La notion de droite a considérablement évolué dans l’histoire. La nation était jusqu’au XXe siècle une notion de gauche avant de basculer plutôt à droite au XXe siècle. Les notions de liberté ou de peuple aussi étaient des valeurs nettement de gauche alors qu’elles sont plutôt revendiquées par la droite aujourd’hui. La définition de la droite est donc relative, liée aux circonstances d’une époque et non pas absolue. Dès lors, c’est aux hommes de droite, par opposition à la gauche y compris au macronisme, de définir ce qu’ils veulent être aujourd’hui et ce qu’ils veulent faire. Parler d’autorité, de sécurité et d’immigration est certes important mais ne suffit absolument pas. Les hommes de droite devraient s’emparer du thème de la refondation de la démocratie française : après dix ans de hollando-macronisme qui n’ont cessé de s’enfoncer dans le mépris des « sans dents » aux « Gaulois réfractaires », comment replacer le peuple au centre du destin de la France ? Alors que l’Assemblée nationale est suspendue de fait par la soumission totale à l’Elysée, l’usage systématique des ordonnances et l’état d’urgence sanitaire, comment rétablir une démocratie parlementaire digne de ce nom et une authentique démocratie référendaire ? Et ainsi combattre la fracture démocratique et restaurer la confiance ? Tel est l’enjeu fondamental qui conditionne tous les autres.

4- Pourquoi tout est chamboulé ? Qu’est ce qui perturbe les clivages ? 

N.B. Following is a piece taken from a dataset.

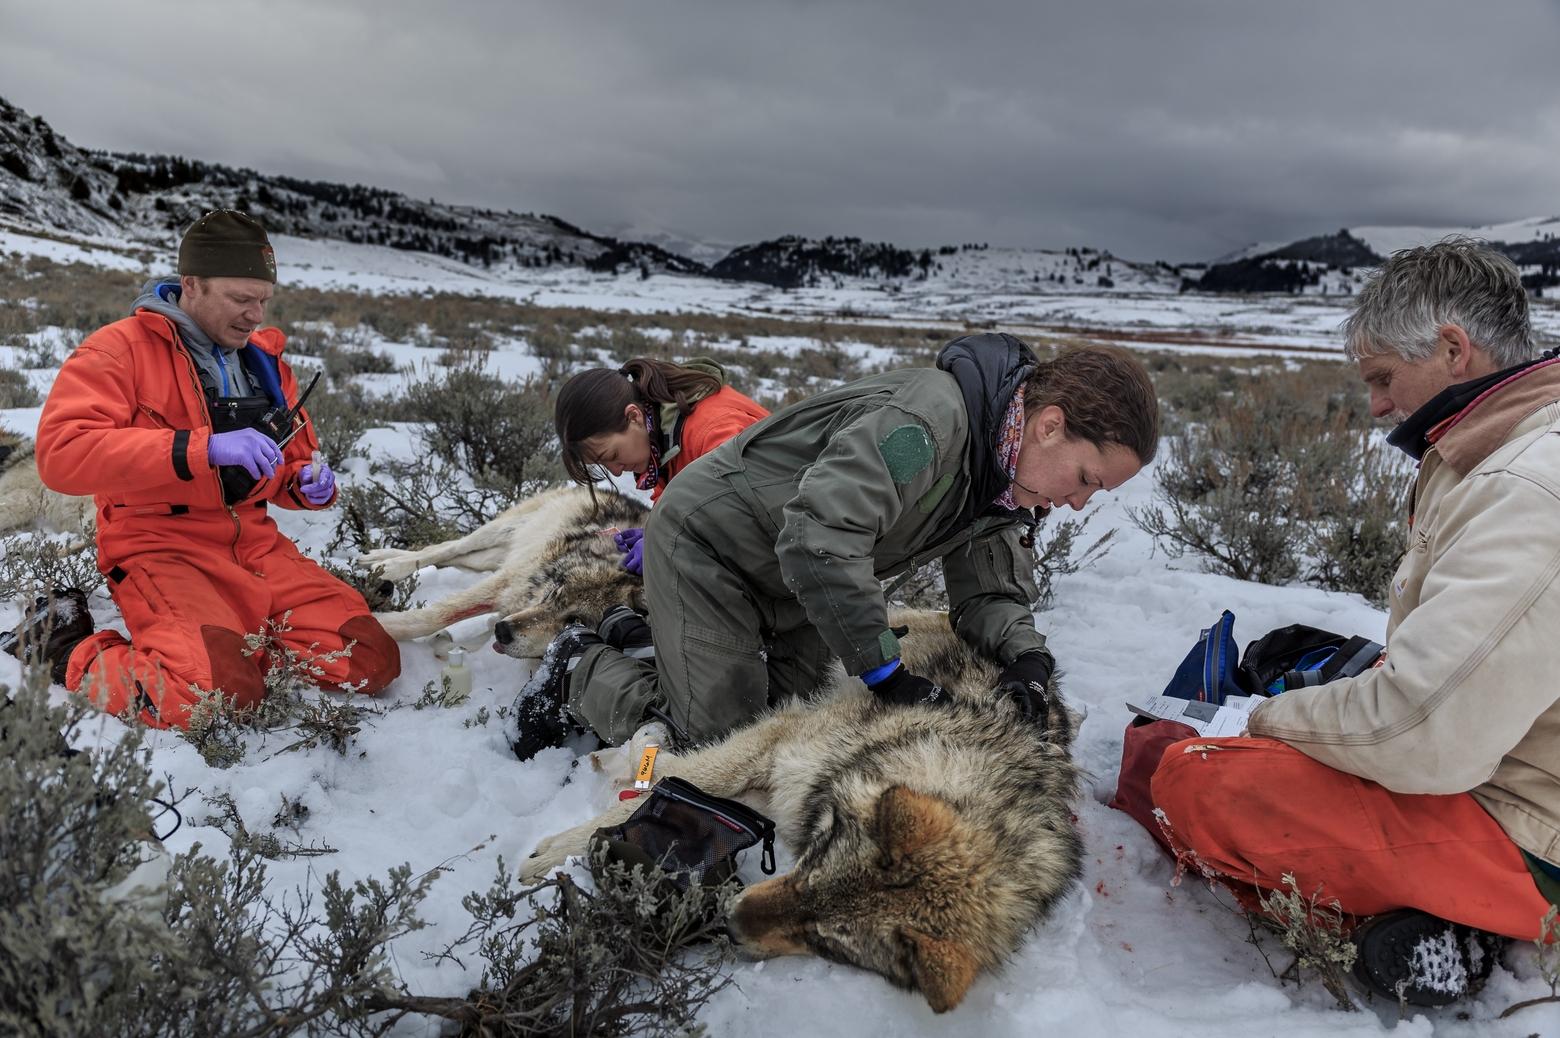 Members of the Yellowstone Wolf Project (L to R): Dan Stahler, Erin Stahler, Kira Cassidy and Doug Smith tend to sedated wolves of the Junction Butte Pack during the annual collaring operation in Yellowstone National Park on December 15, 2014. Photo by Ronan Donovan

Il y a trois explications possibles. La première est la plus souvent mise en avant : à la lutte des classes entre la bourgeoisie et le prolétariat, la mondialisation a substituée une opposition entre élites mondialisées et « France périphérique » qui ne recouvre pas le clivage classique droite/gauche fondé sur la question sociale au XXe siècle. Une autre explication est sans doute  plus inquiétante mais sans être forcément exclusive de la première. Elle tient à la montée du nihilisme et l’affaiblissement des convictions. La politique en tant que service du bien commun est désormais largement vidée de sa substance. Elle devient avant tout une affaire d’idolâtrie, de calculs personnels à des fins d’intérêt matériel et bien plus, de vanité narcissique, d’obsession électoraliste. Dès lors, les clivages de fond s’effacent logiquement. Ce phénomène découle de l’ère du vide, de la société d’ultra-narcissisme annoncé par Gilles Lipovetsky en 1982 au détriment de l’engagement collectif pour un intérêt collectif. En outre, le déclin du niveau scolaire sur un demi-siècle, prouvé par toutes les études notamment en histoire et en français, a certainement affaibli les outils de l’esprit critique d’une nation dans sa globalité et favorisé ainsi le naufrage de la politique dans les jeux d’idoles, les polémiques, provocations, l’esbroufe, les coups de com’ et la posture.